The data:
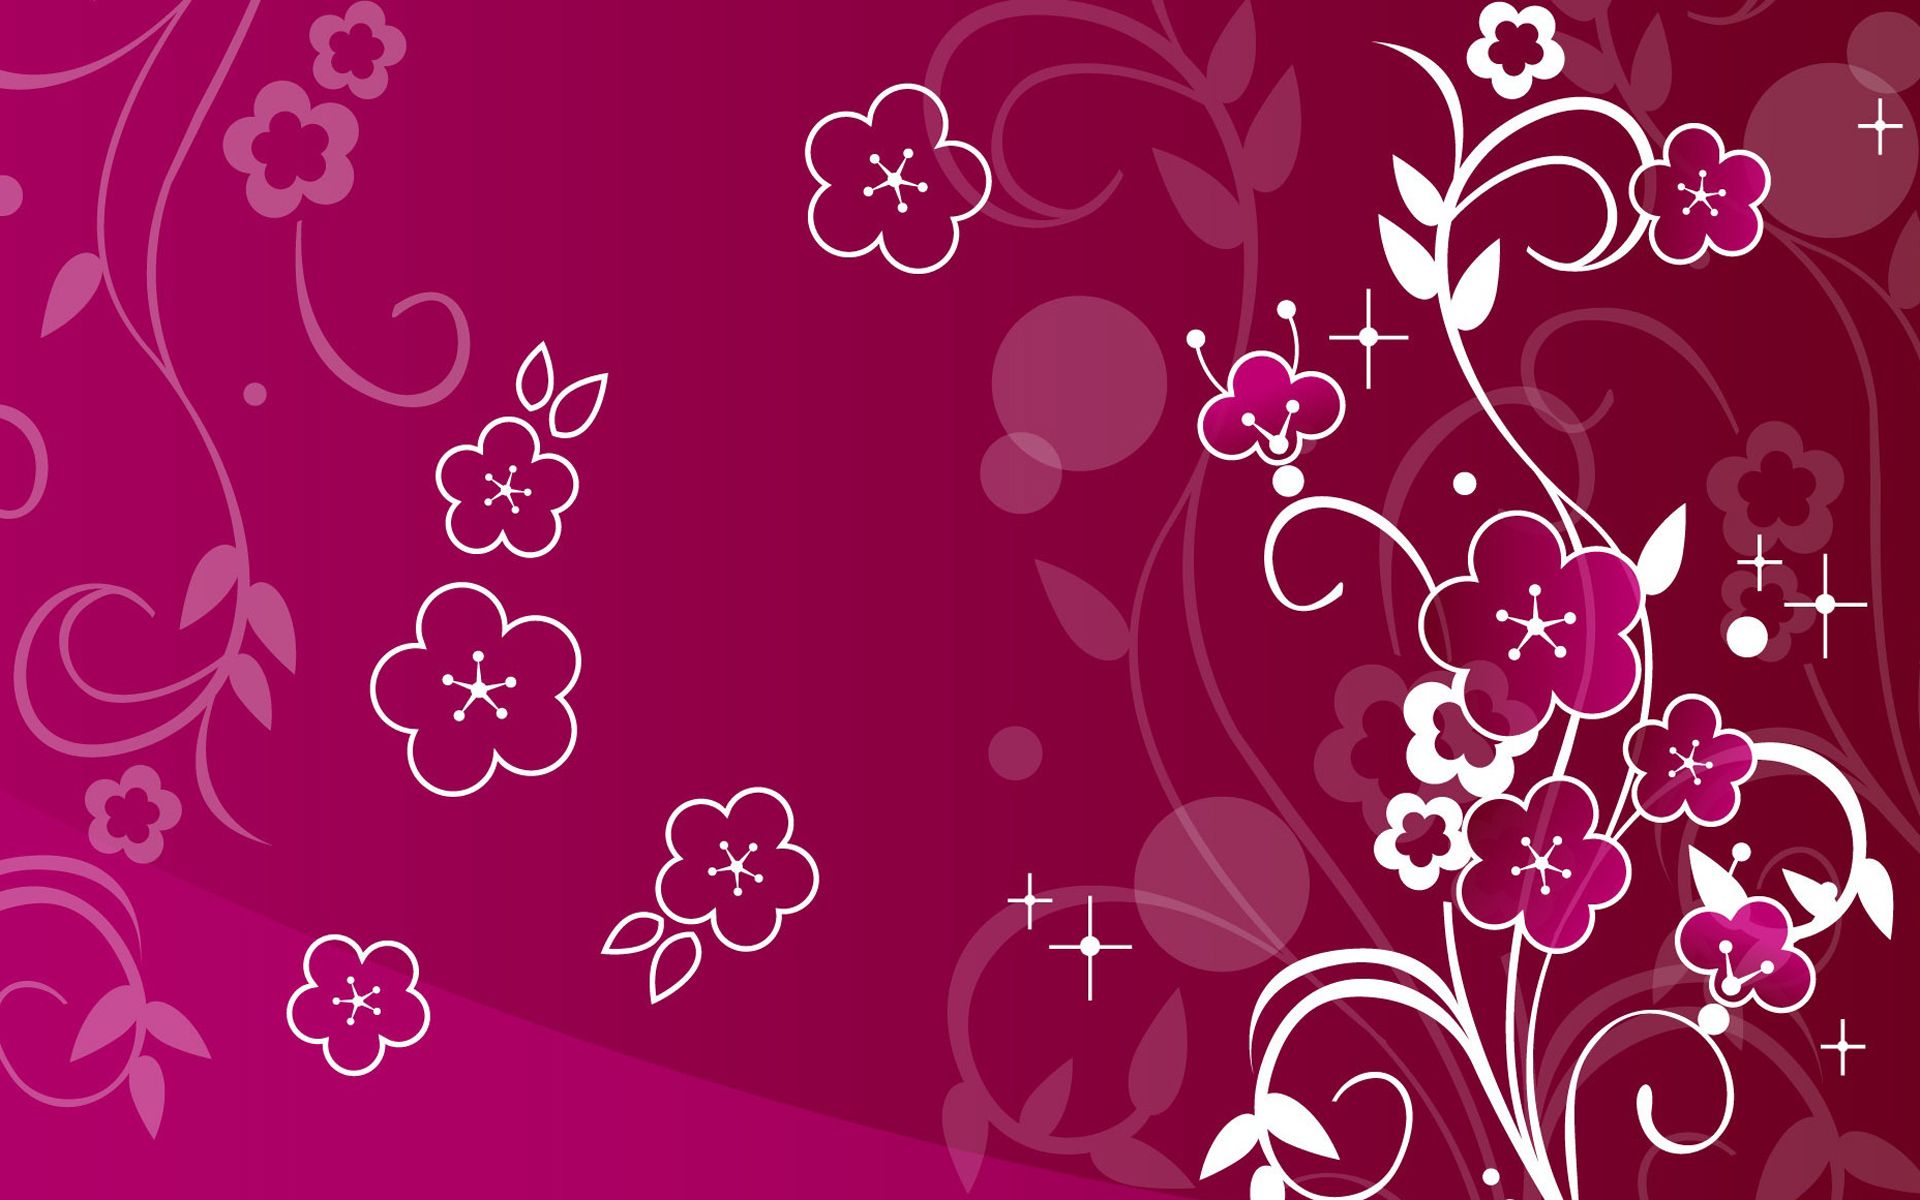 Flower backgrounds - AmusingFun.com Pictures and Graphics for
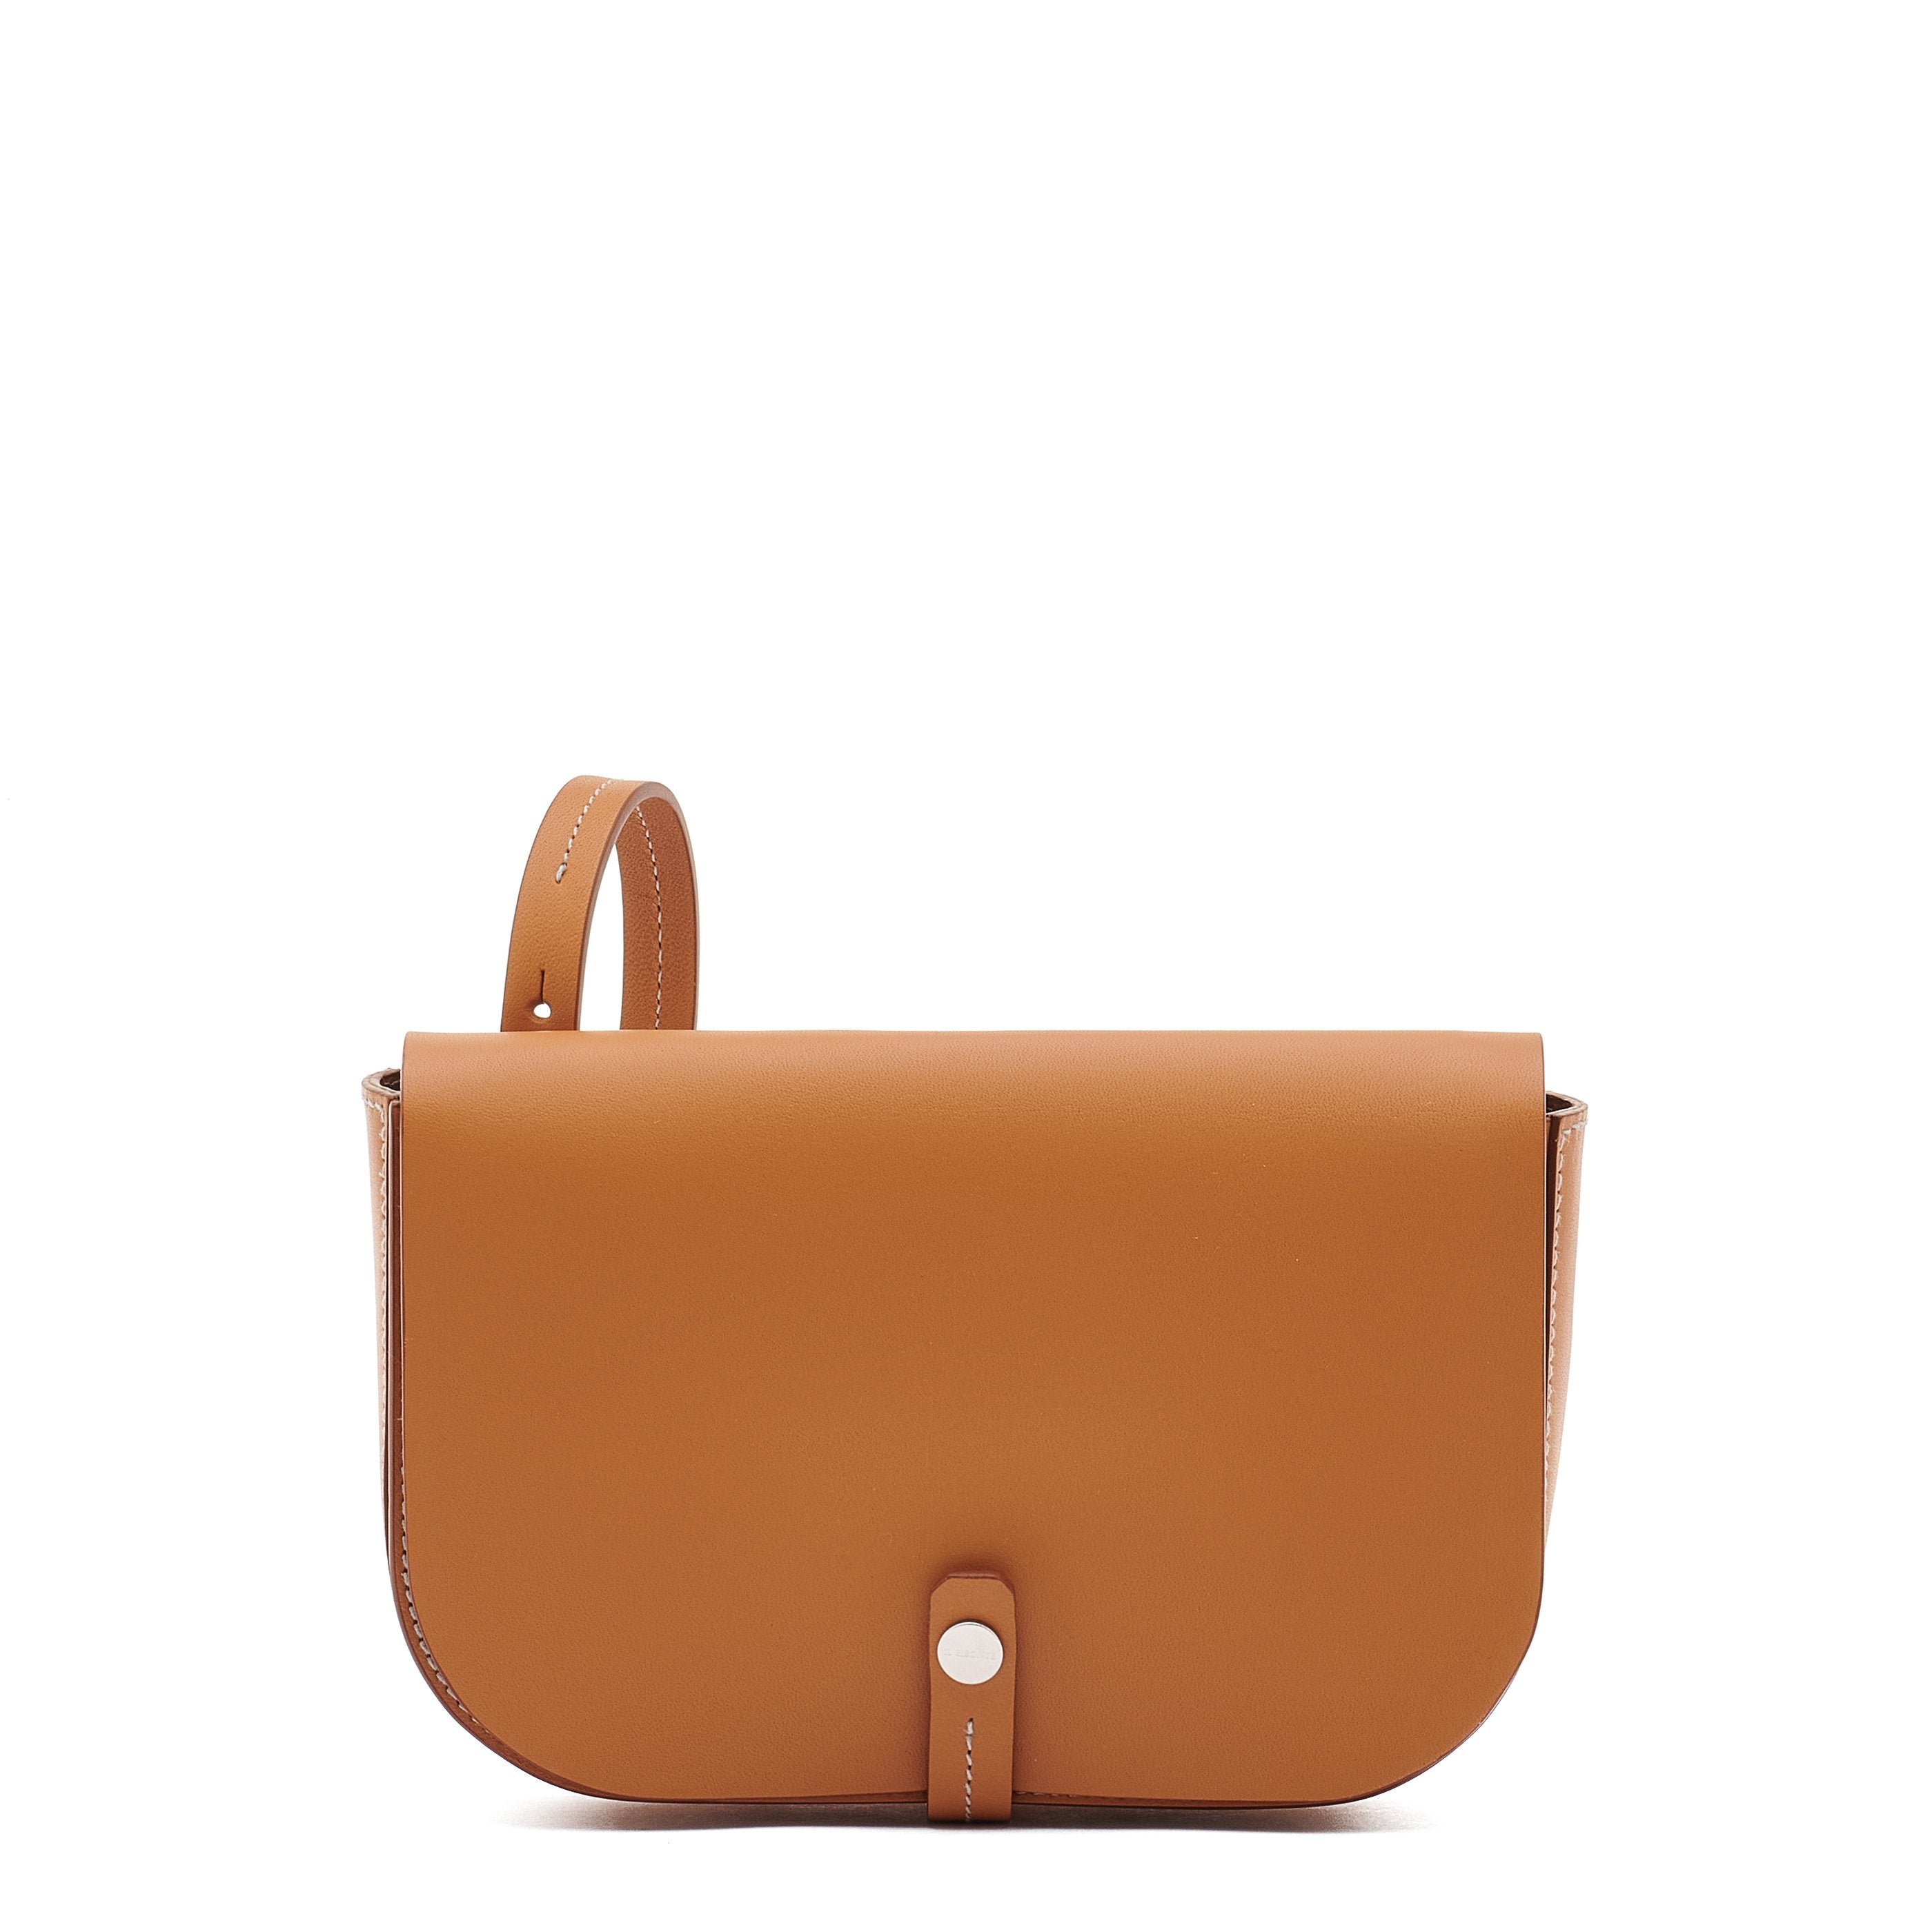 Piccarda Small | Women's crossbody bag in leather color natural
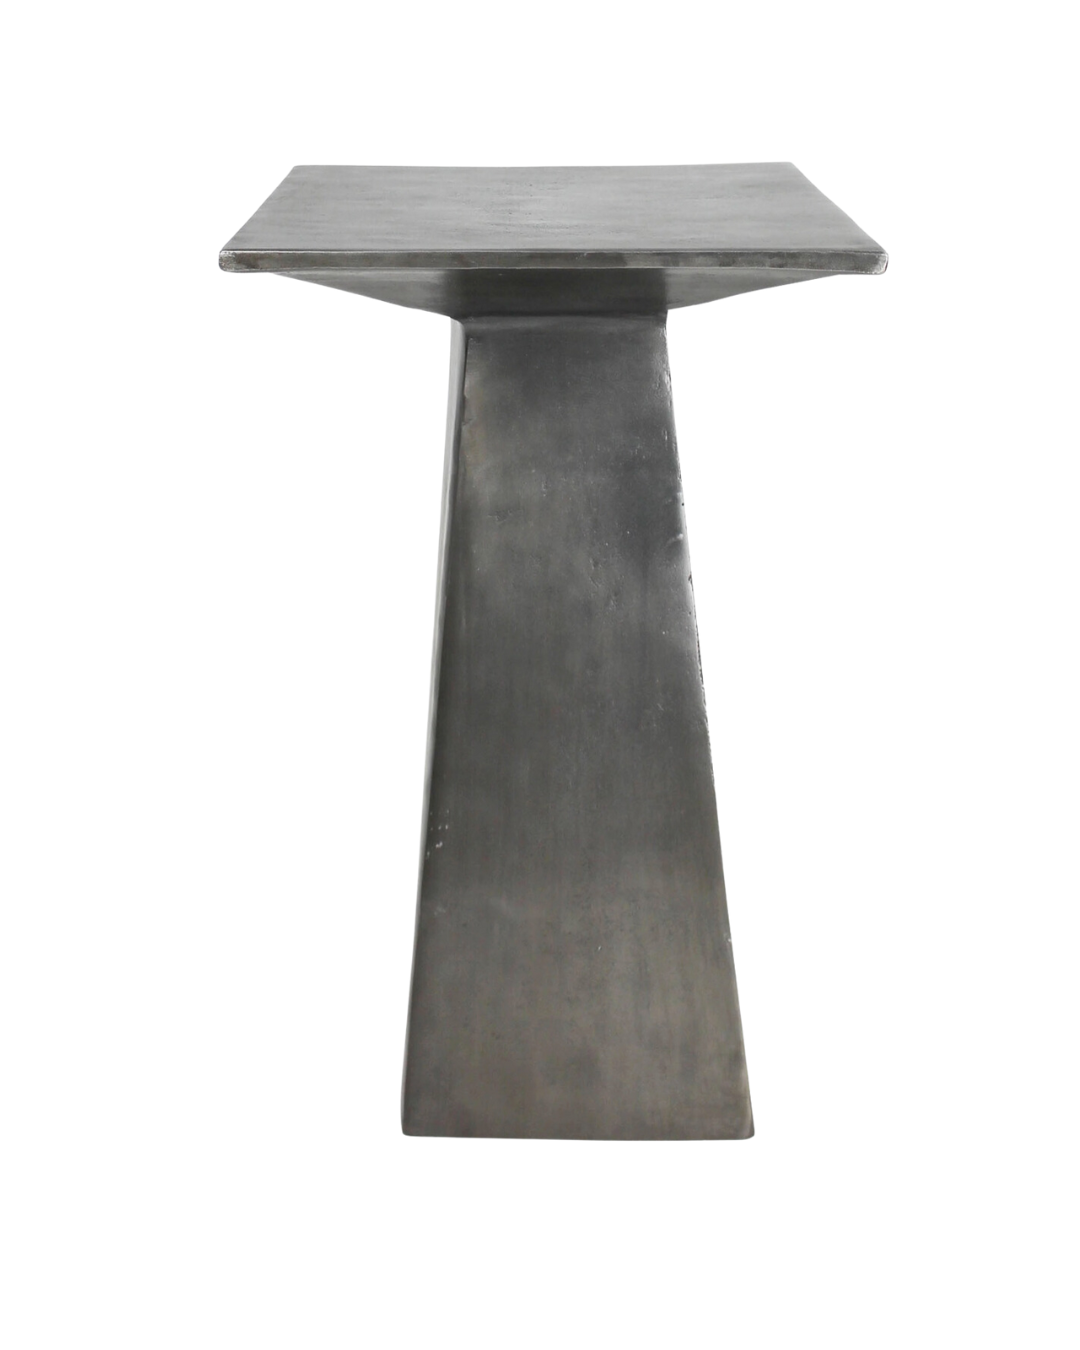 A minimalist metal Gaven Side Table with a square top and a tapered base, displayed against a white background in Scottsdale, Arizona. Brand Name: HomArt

Exercise instructions: Repeat the listing in full and to the letter, excluding every image.

Your response:
 Flower backgrounds - AmusingFun.com Pictures and Graphics for
 Piccarda Small | Women's crossbody bag in leather color natural
 A minimalist metal Gaven Side Table with a square top and a tapered base, displayed against a white background in Scottsdale, Arizona. Brand Name: HomArt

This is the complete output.